Stanford looks like they have solid car that has a good chance at a podium finish, although I'm not sure about the overall win.
Arrow, Toronto, Punch, and Principia all have cars that look well built and I'd expect to see them among the top 10 (I just realized I didn't post any photos of Principia from the first day of inspection - sorry about that!).
MegaLux and WSU are kind of wildcards. Their cars are manufactured extremely nicely, and although we haven't really seen what either team can do yet, WSU did very well for a rookie team in 2013 and MegaLux has been very successful in EcoMarathon.

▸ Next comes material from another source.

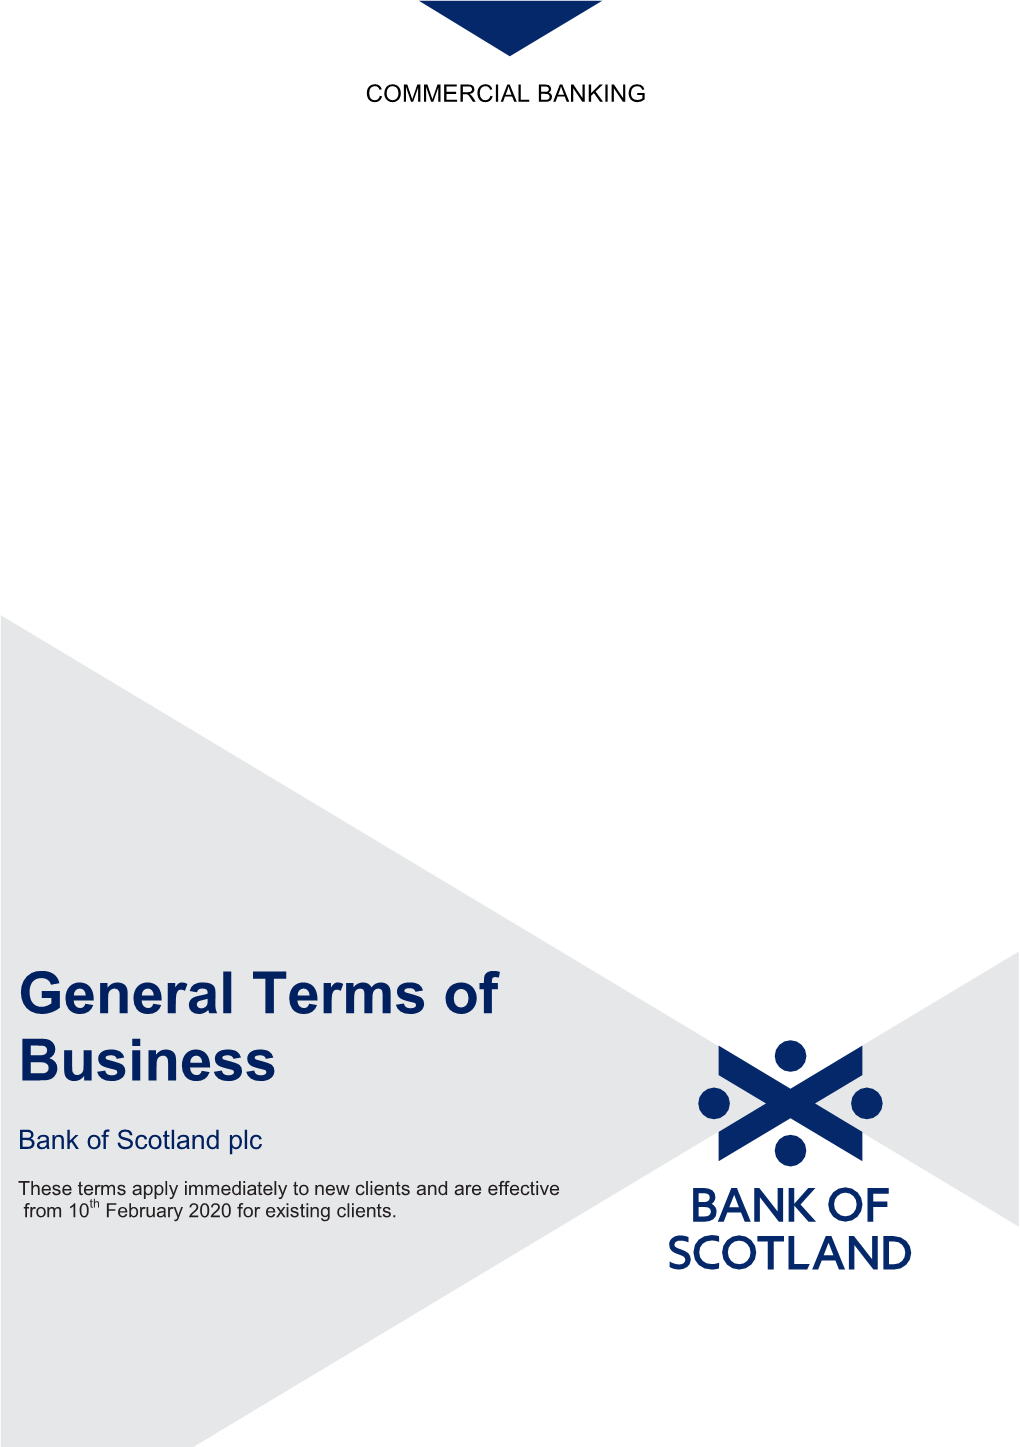 General Terms of Business

All of the top teams have put a lot of effort into making sure they can normalize their array as far as possible within the new rules. The top teams are disproportionately represented among the teams that are tilting their whole cars (Stanford, Punch, WSU, Tokai, UKZN, and maybe Kogakuin).
Cruiser: I'm still convinced that Kogakuin is going run away with it, but honestly, I have no idea what to expect for 2nd place. Bochum, Minnesota, and Tehran are the only three teams that have anything even resembling an array normalization plan - UNSW, IVE, and Eindhoven all only pop the trunk panel up, while ITS, Lodz, and Kogakuin tilt the car backwards very slightly with stands of some sort. SunSpec tilts their array slightly (well under 45 degrees from horizontal).
I think the top four teams from last year (Eindhoven, Bochum, UNSW, and Minnesota) are the teams to watch for 2nd place. Tentatively, Minnesota and Eindhoven may have an edge over Bochum and UNSW - they have a LOT more array on their cars, and that's going to matter much more this year. But without knowing aero drag values for each car, I'm really just guessing.
The cars from Tehran, SunSpec, and particularly Lodz all have potential, but I'm not sure what to expect from the teams.
Whelp, that's all I've got tonight. See you tomorrow, folks! I'm going to be out at Hidden Valley all day trying to get some sweet action shots.